**Supplied data**.

╭──

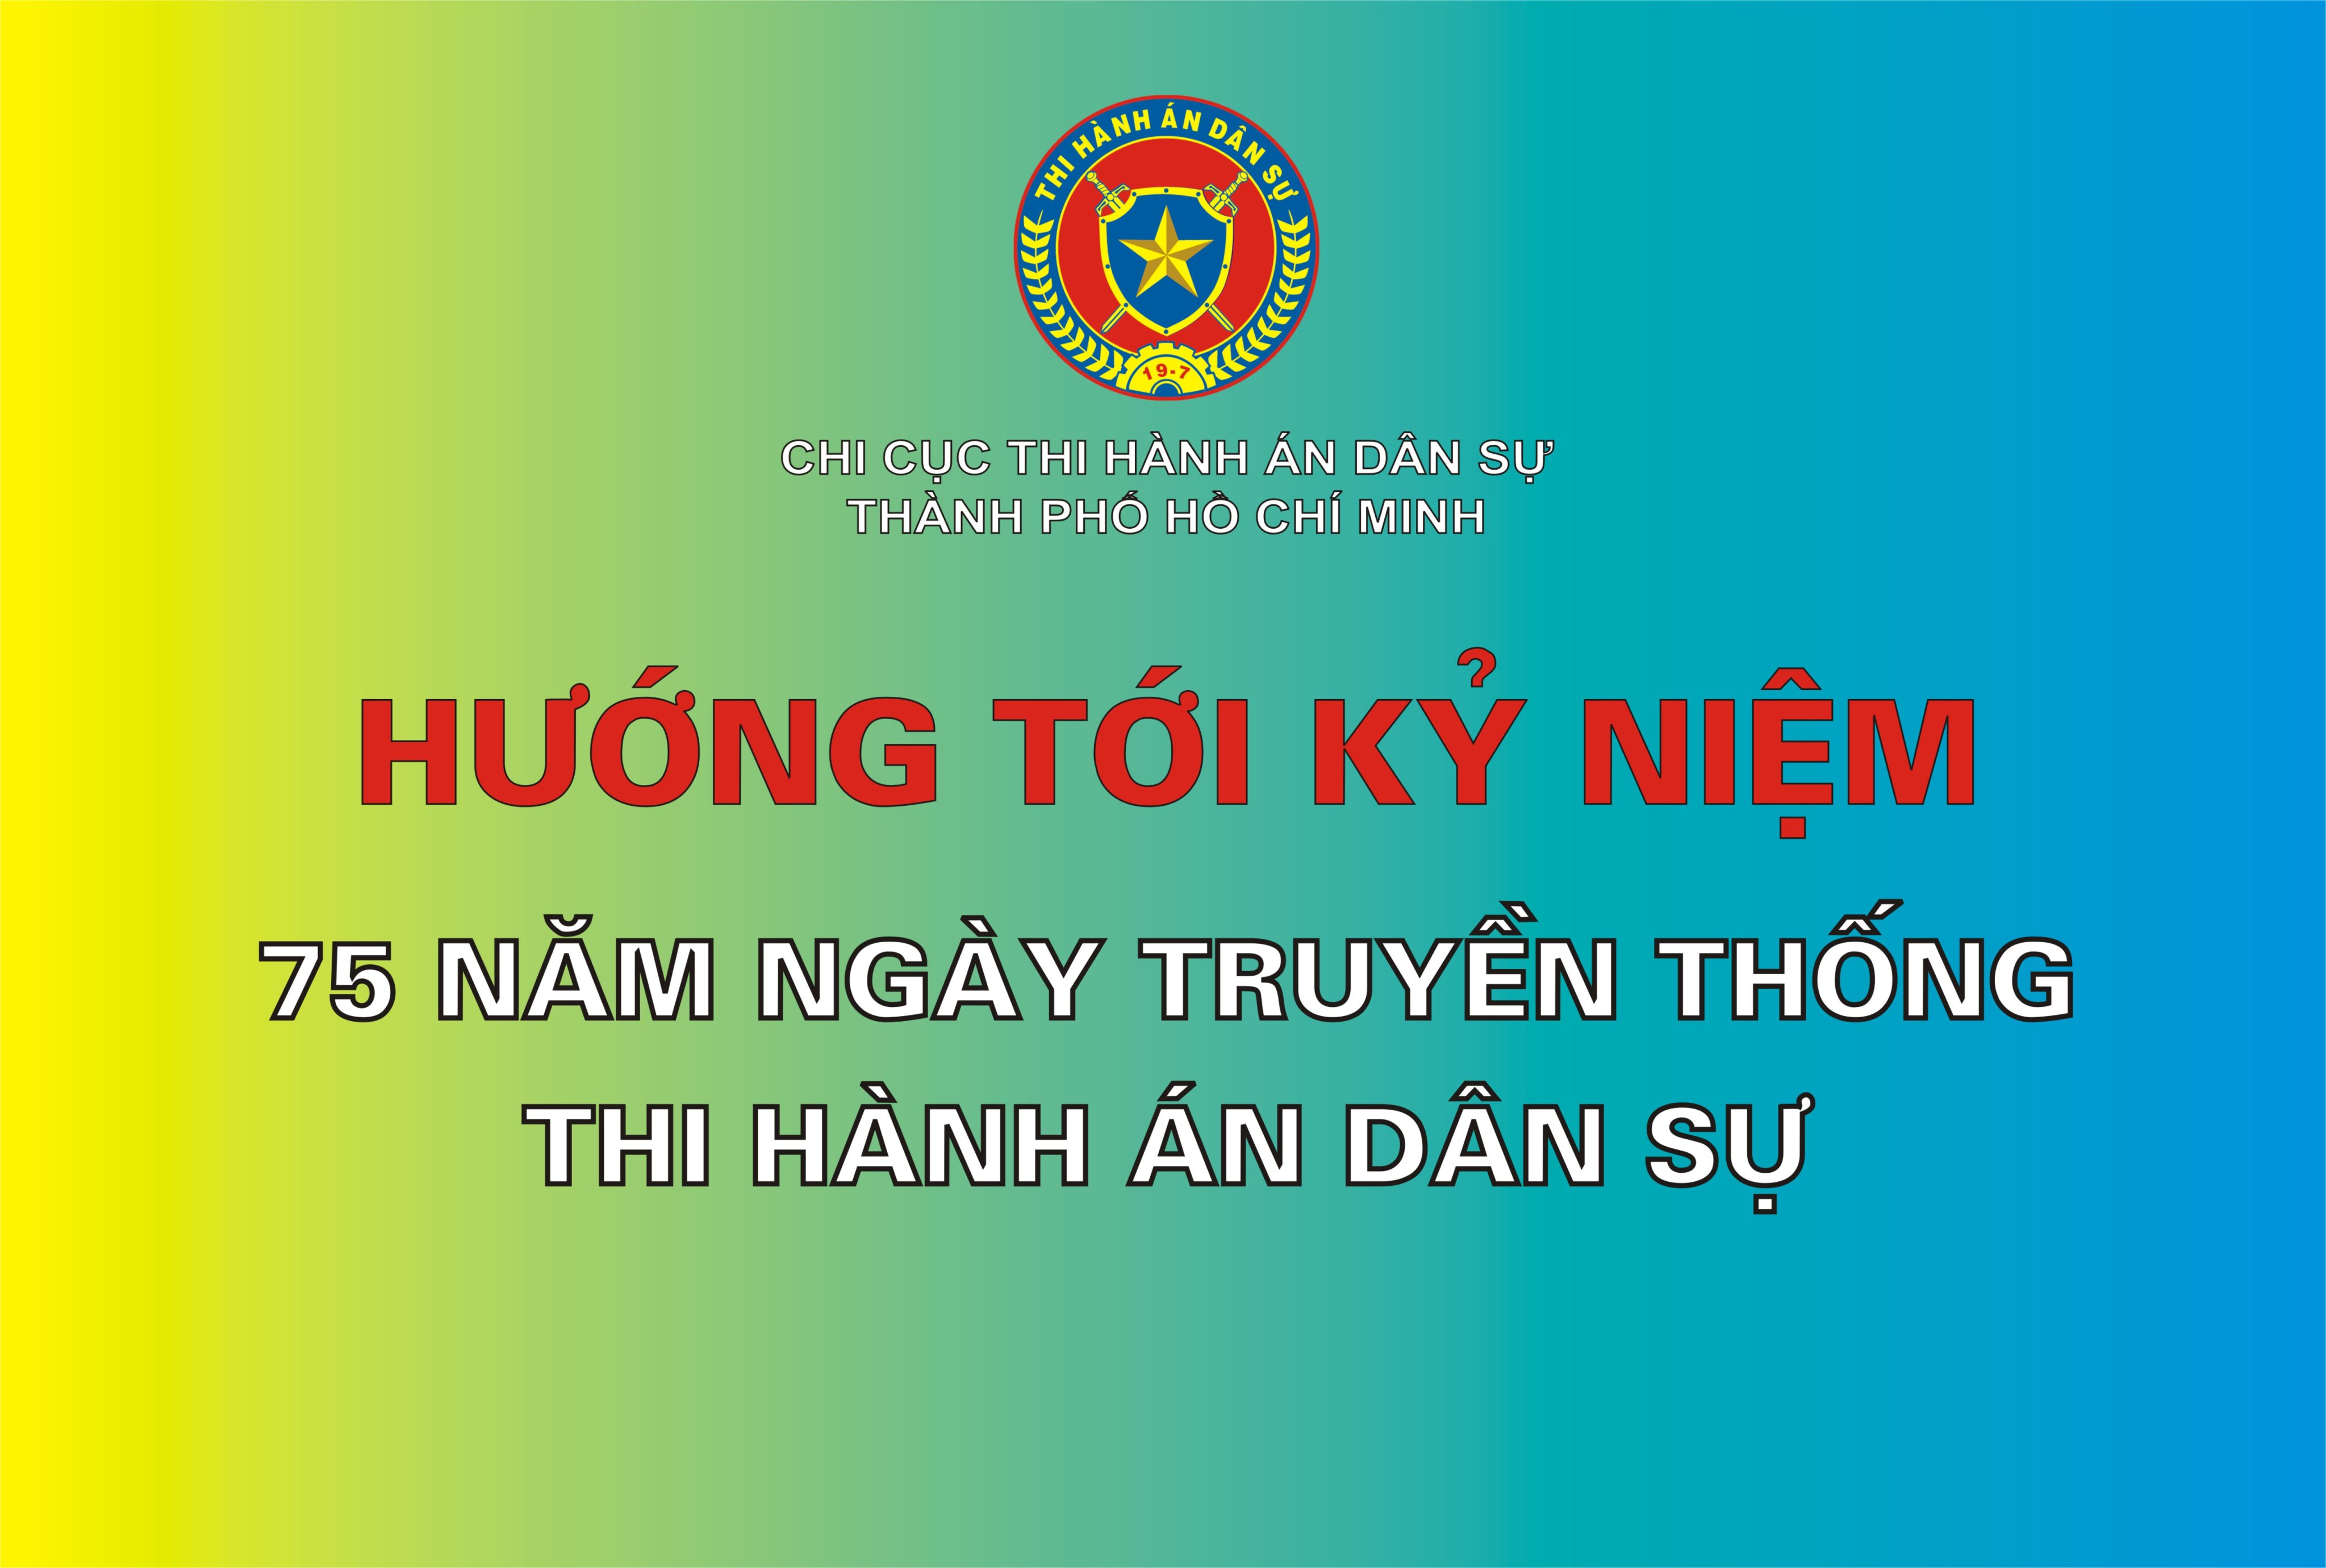 Cục Thi hành án dân sự Thành phố Hồ Chí Minh: Phát động Đợt thi đua cao điểm lập thành tích chào mừng kỷ niệm 75 năm Ngày truyền thống Thi hành án dân sự (19/7/1946 -19/7/2021)
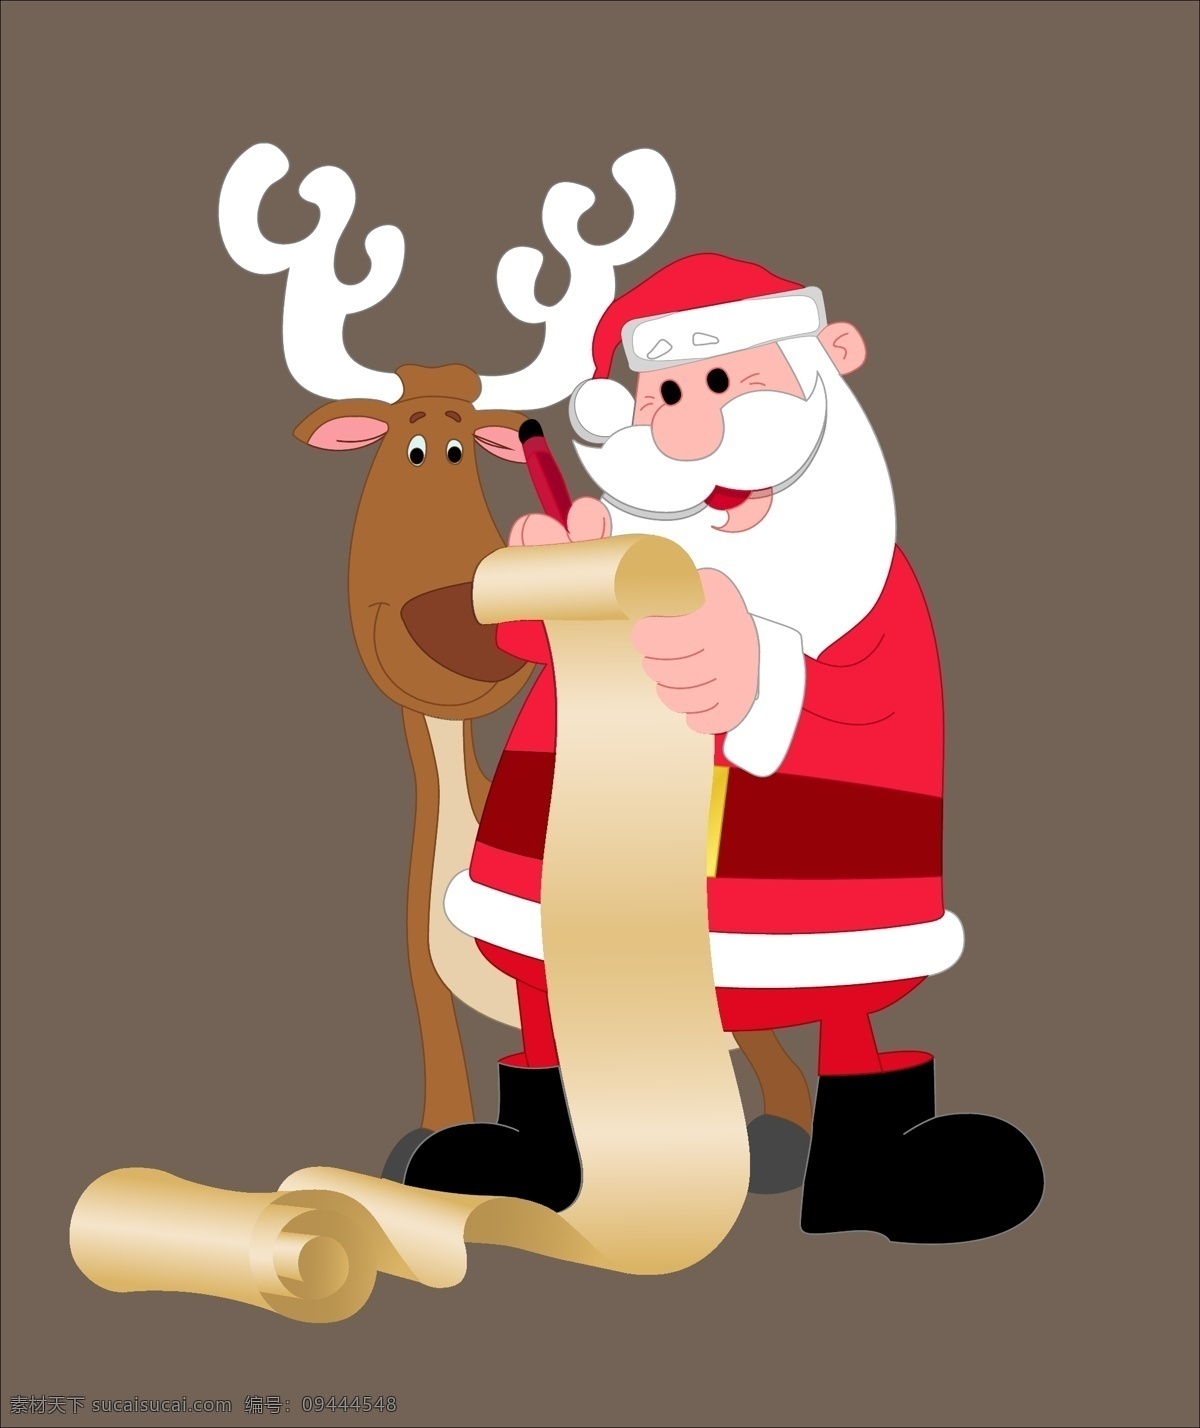 圣诞老人 卡通 精美 矢量 麋鹿 红色 圣诞节 礼物 矢量图片
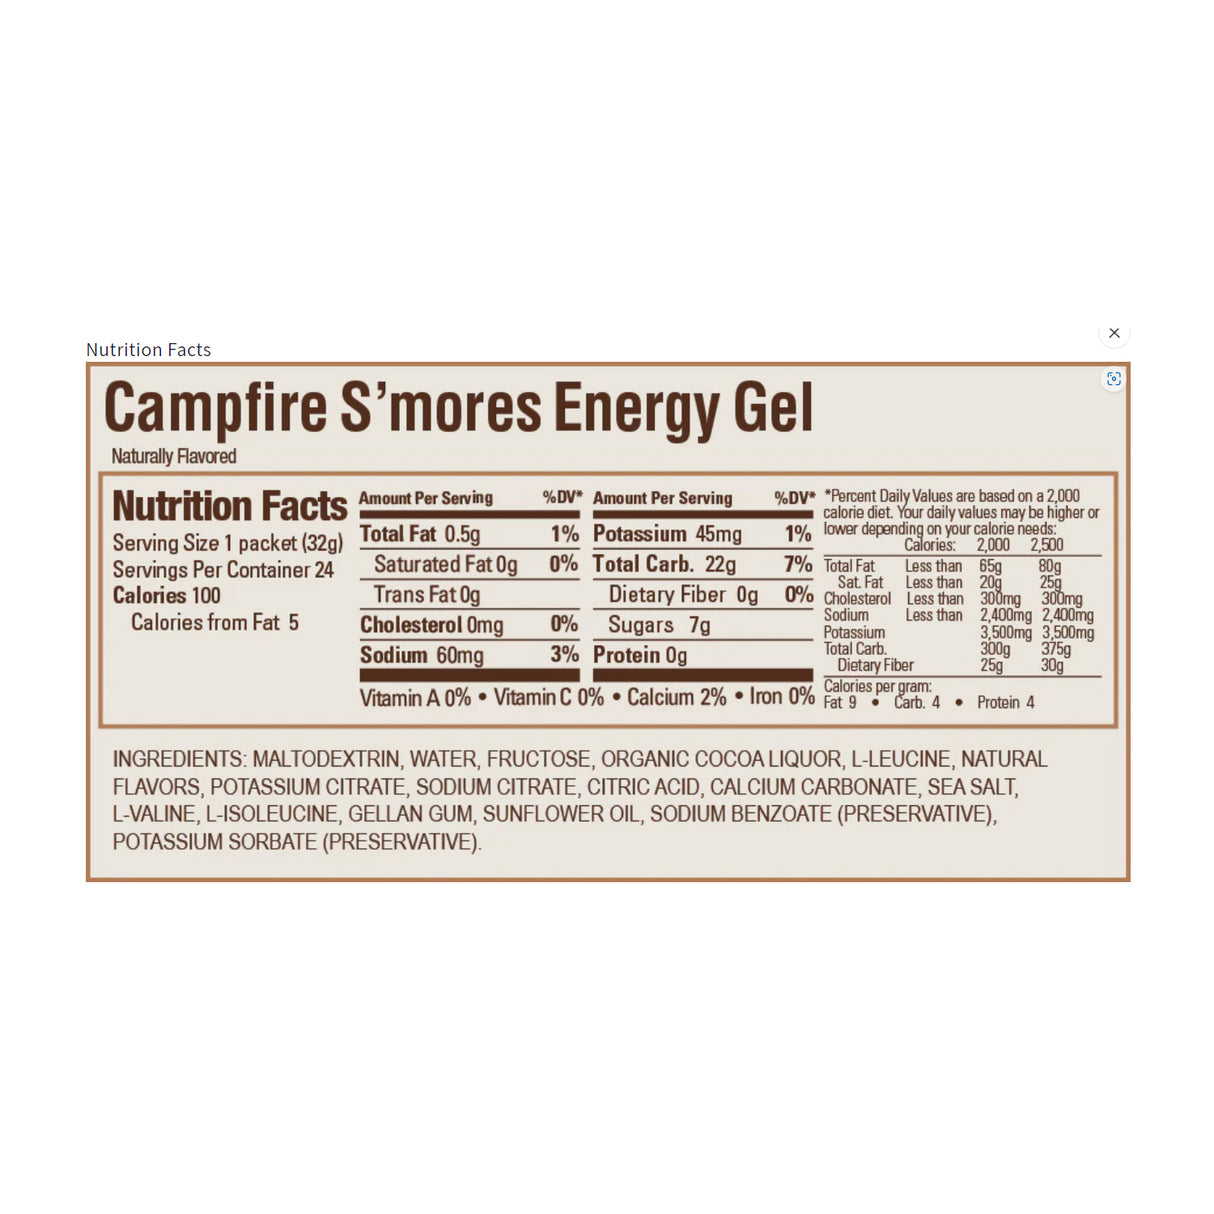 GU Original Energy Gel Campfire S'Mores (24 x 32g)
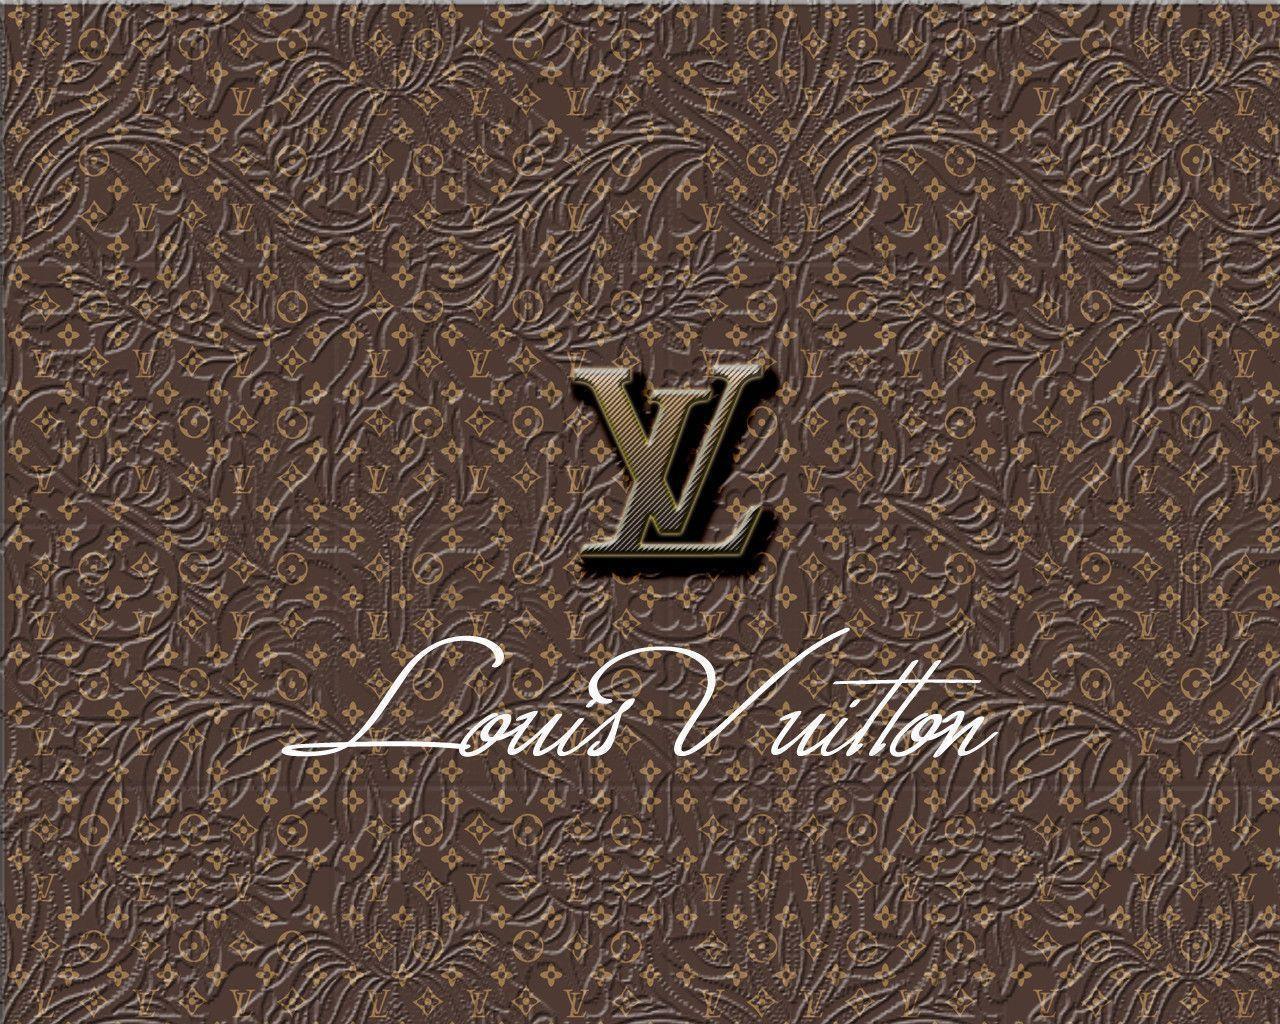 Wallpaper For > Louis Vuitton Wallpaper Gold

╰──

**Task to carry out**. Without the pictures, give every line of the data again, exactly as written.

**Reply to the exercise**.
 Cục Thi hành án dân sự Thành phố Hồ Chí Minh: Phát động Đợt thi đua cao điểm lập thành tích chào mừng kỷ niệm 75 năm Ngày truyền thống Thi hành án dân sự (19/7/1946 -19/7/2021)
 圣诞老人 卡通 精美 矢量 麋鹿 红色 圣诞节 礼物 矢量图片
 GU Original Energy Gel Campfire S'Mores (24 x 32g)
 Wallpaper For > Louis Vuitton Wallpaper Gold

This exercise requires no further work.